**Your goal:**
Strip the pictures, then copy the remaining data exactly as it stands.

=== Provided data ===

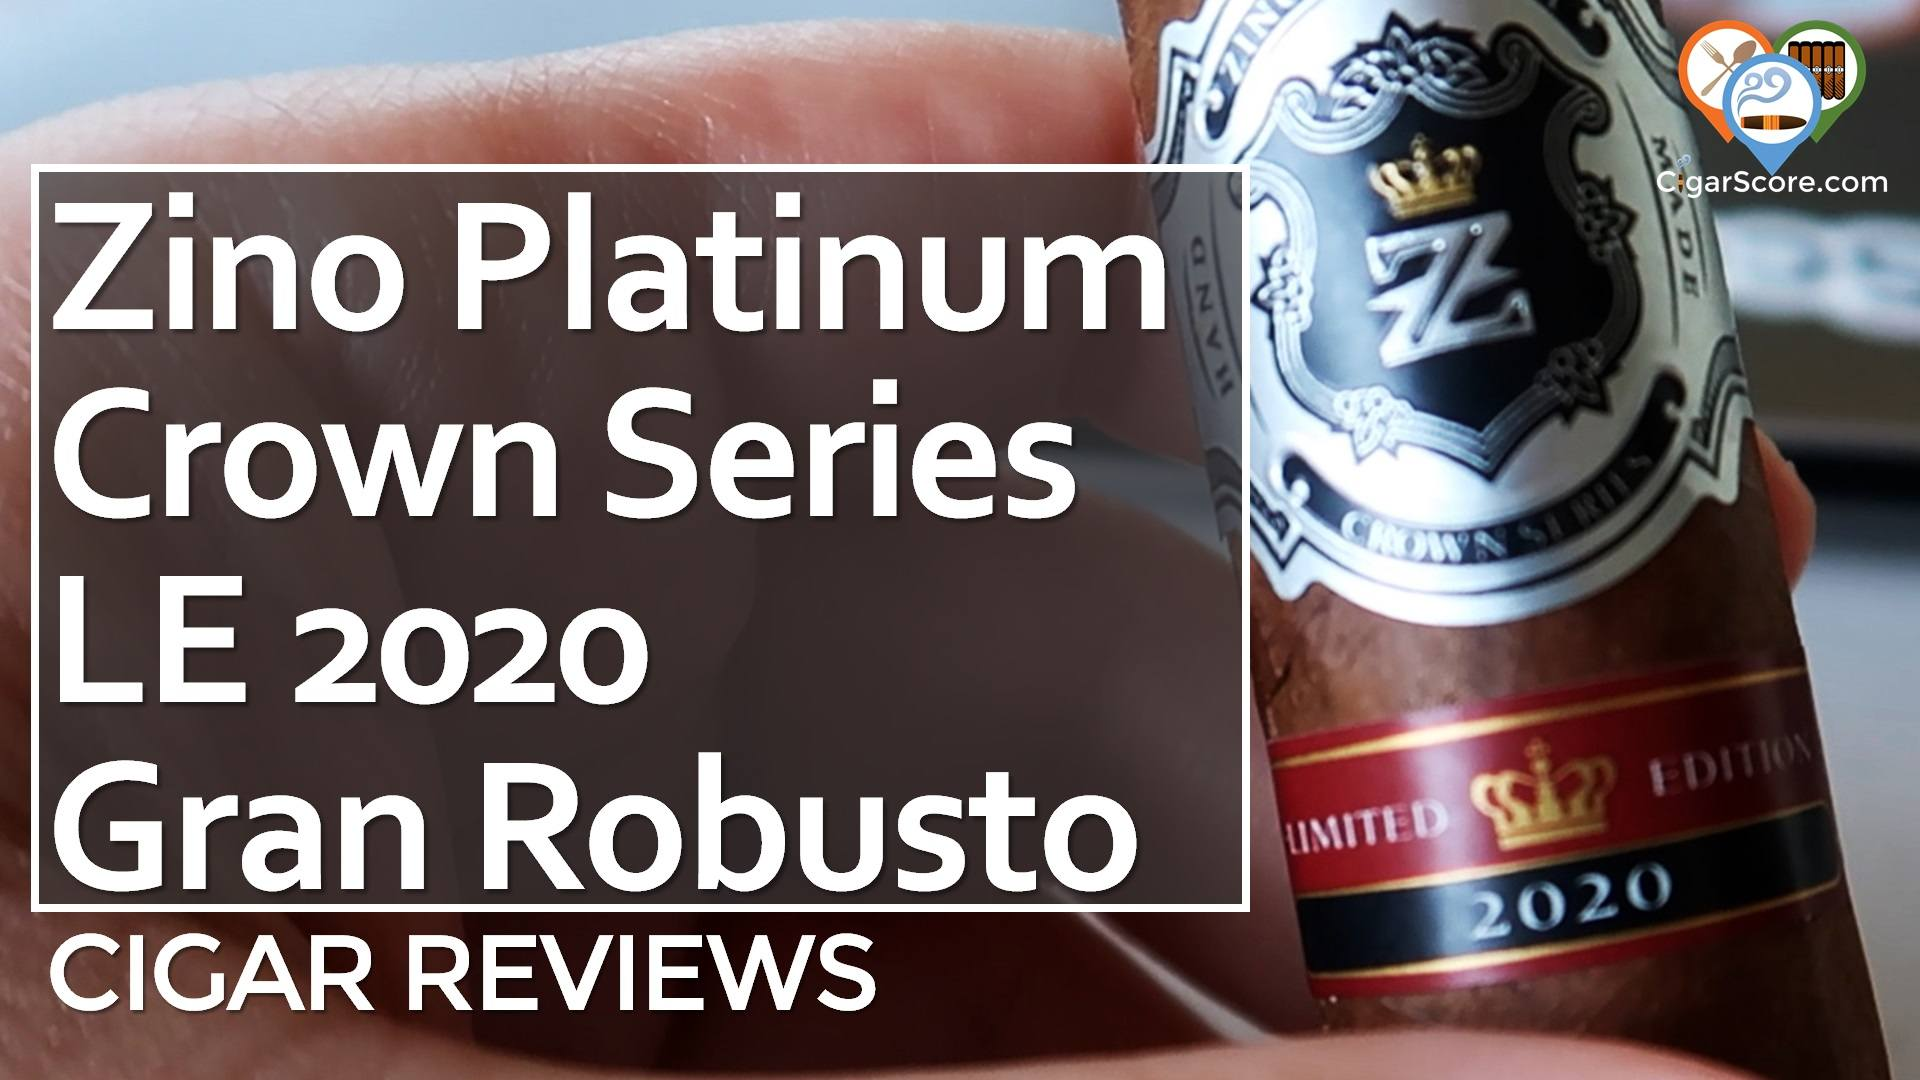 Cigar Review Zino Platinum Crown Series Limited Edition 2020 Gran Robusto
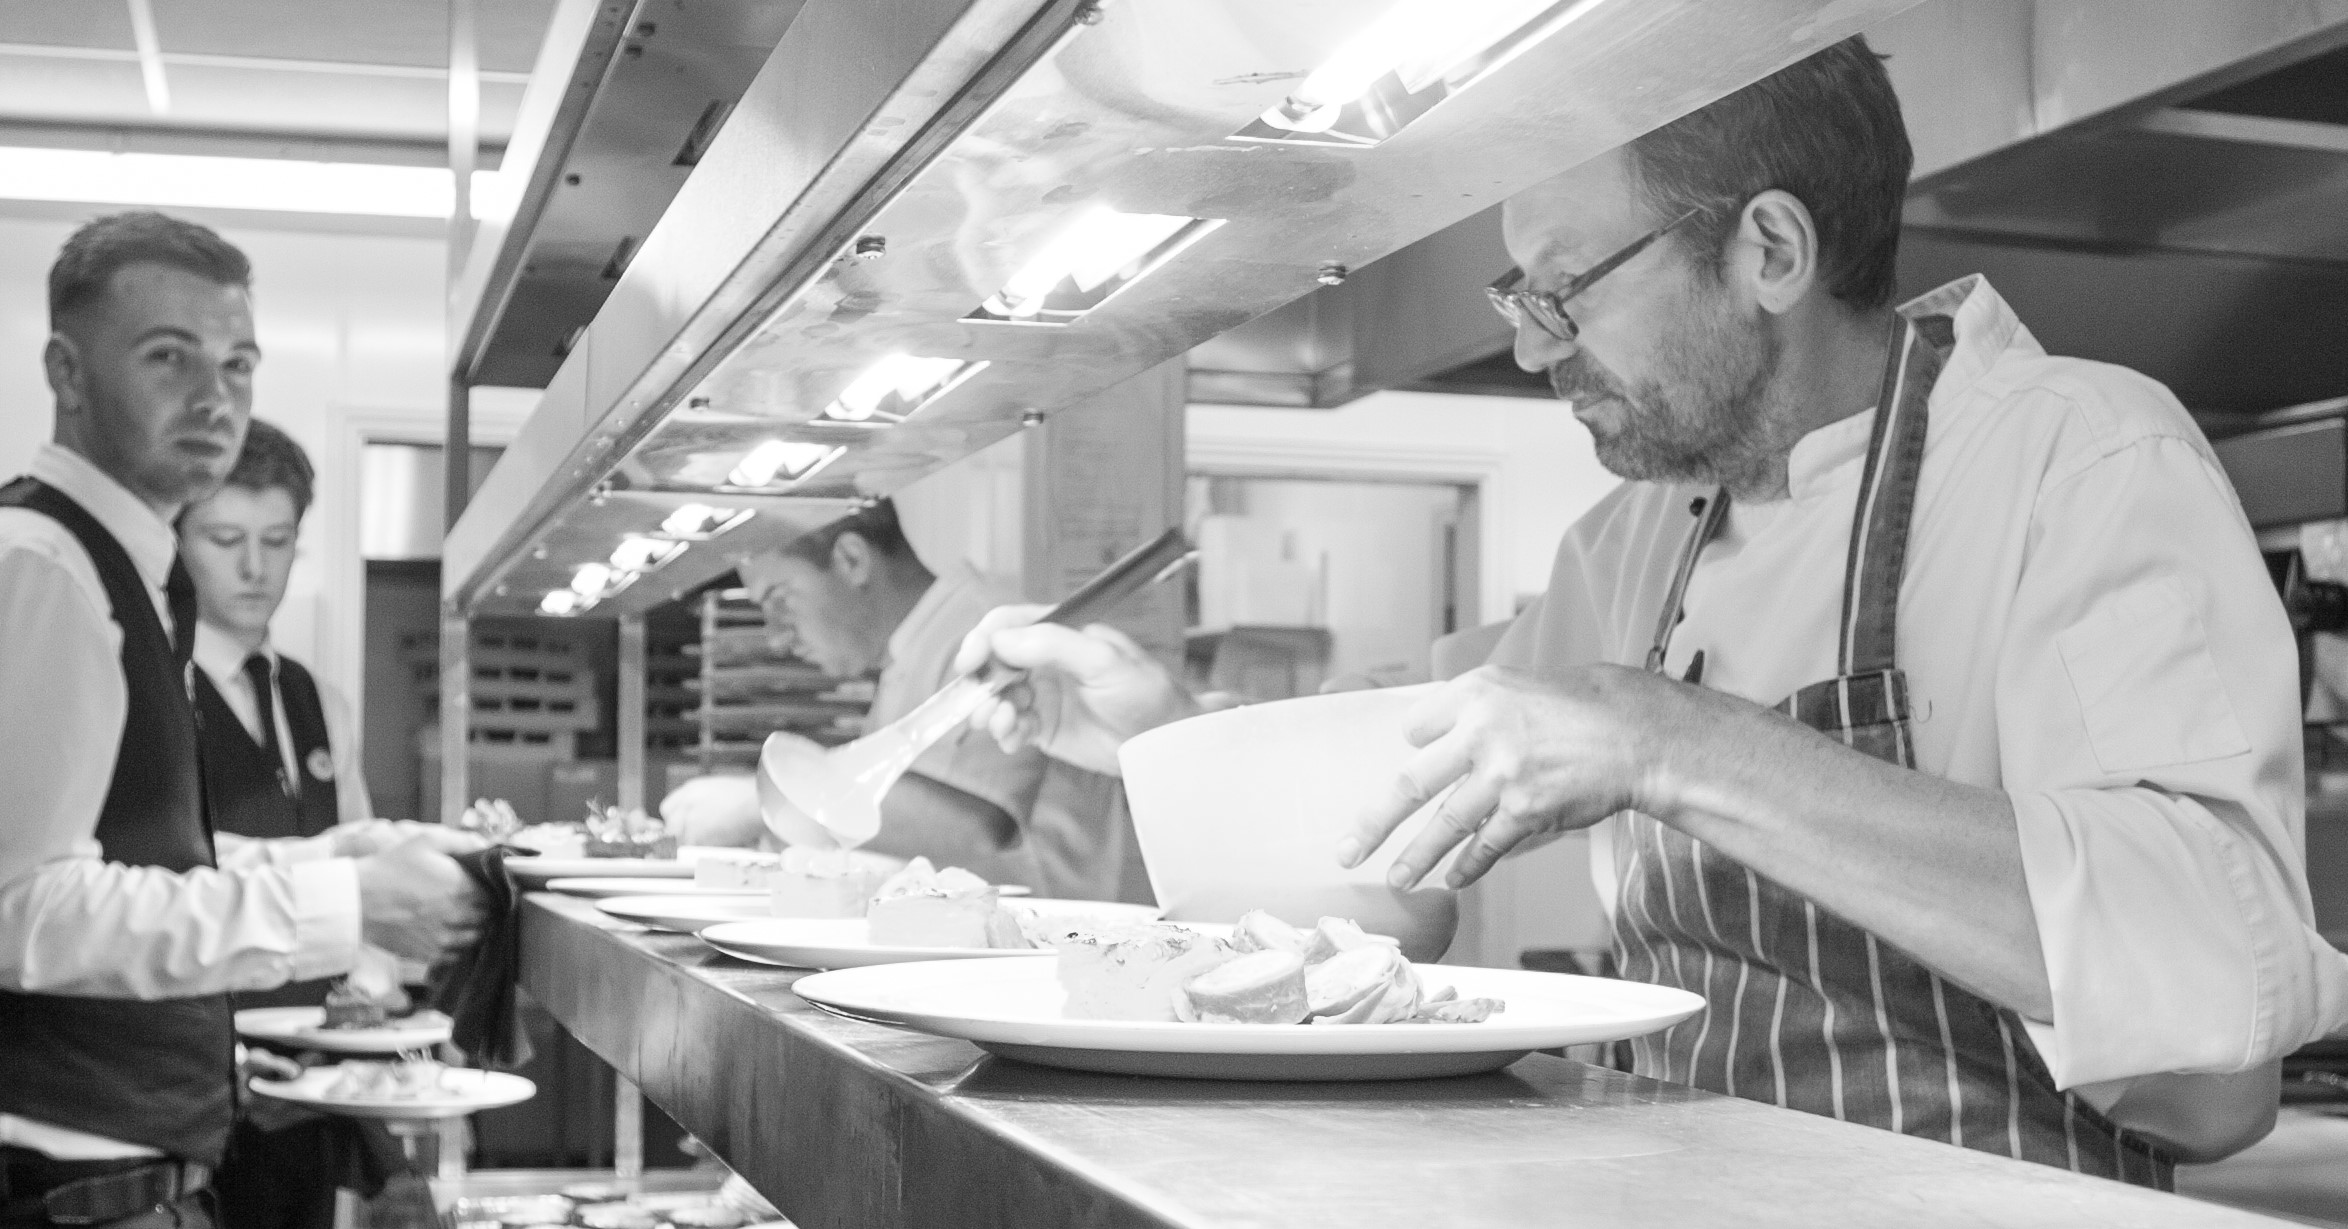 Head Chef preparing Dinner
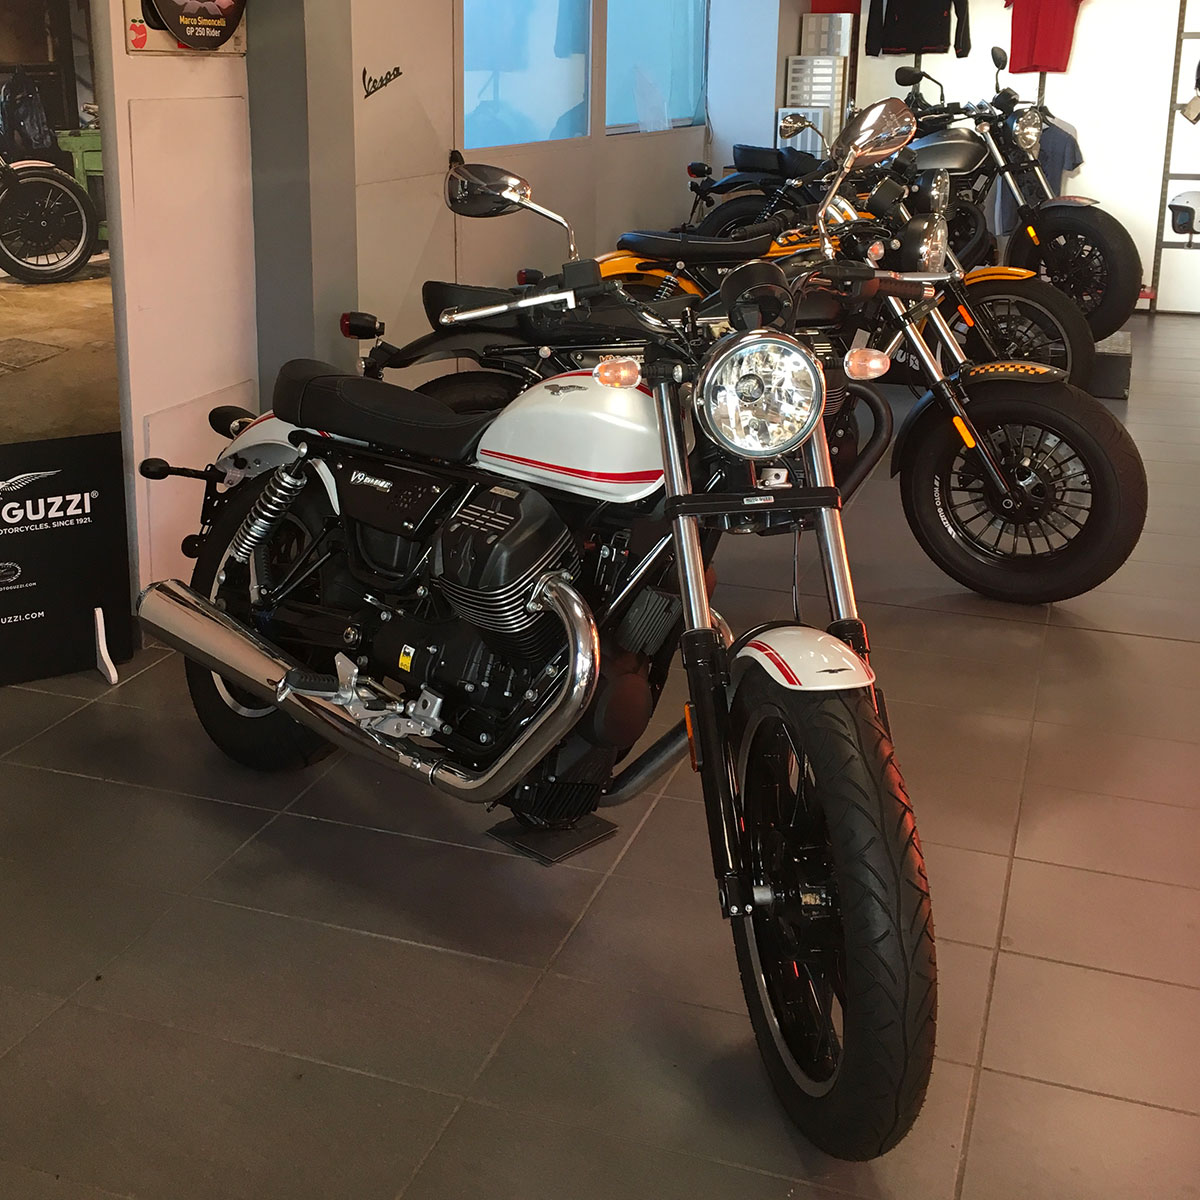 Sissi Moto Crema Usato moto usate - vendita a como e erba | moto giussani
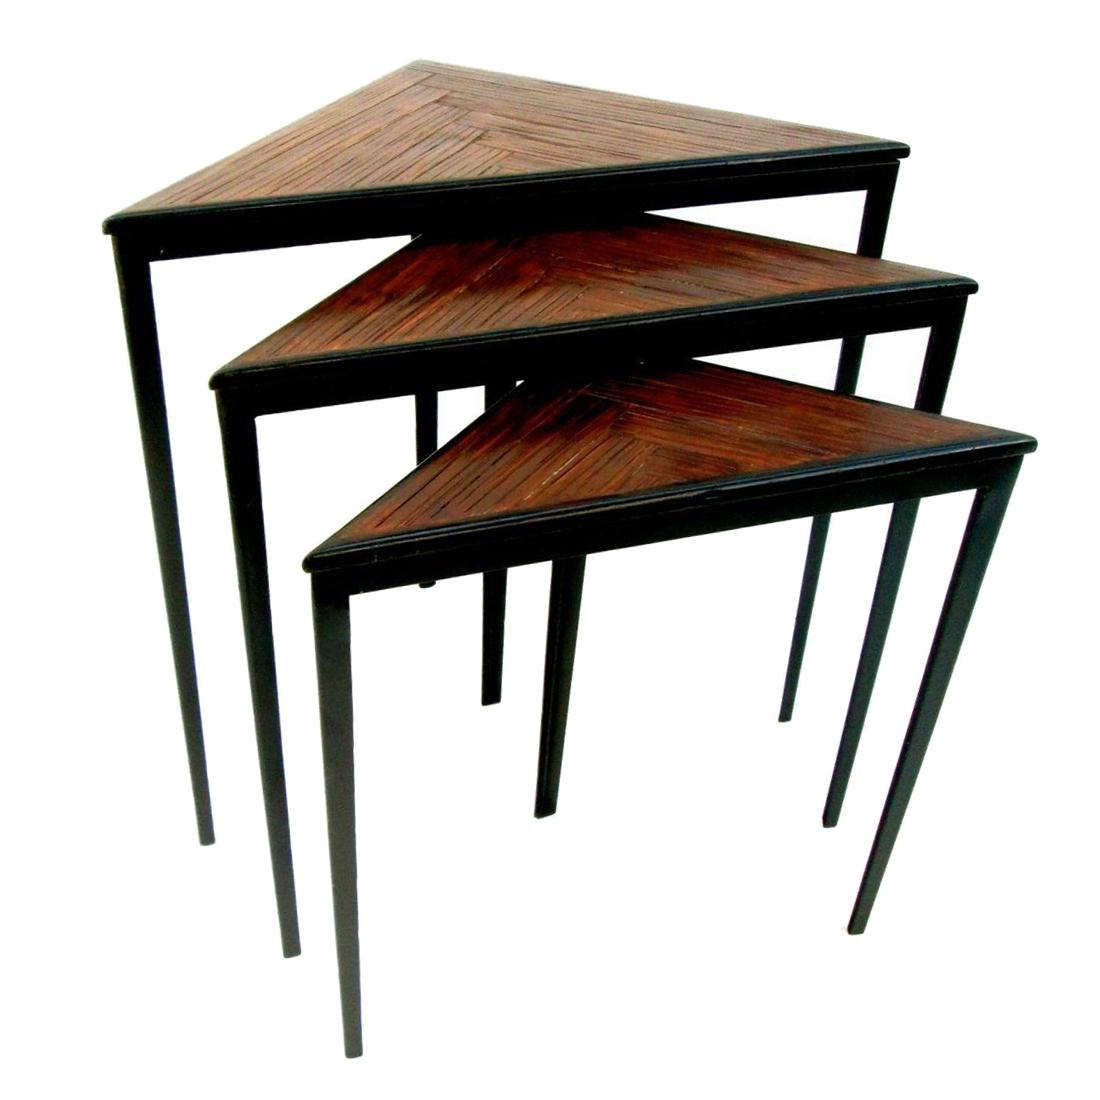 Attirant Brown Mid Century Iron U0026 Wood Triangular Nesting Tables   Set Of 3 For Sale

===

**Solution to this task:**
 Cigar Review Zino Platinum Crown Series Limited Edition 2020 Gran Robusto
 Head Chef preparing Dinner
 Sissi Moto Crema Usato moto usate - vendita a como e erba | moto giussani
 Attirant Brown Mid Century Iron U0026 Wood Triangular Nesting Tables   Set Of 3 For Sale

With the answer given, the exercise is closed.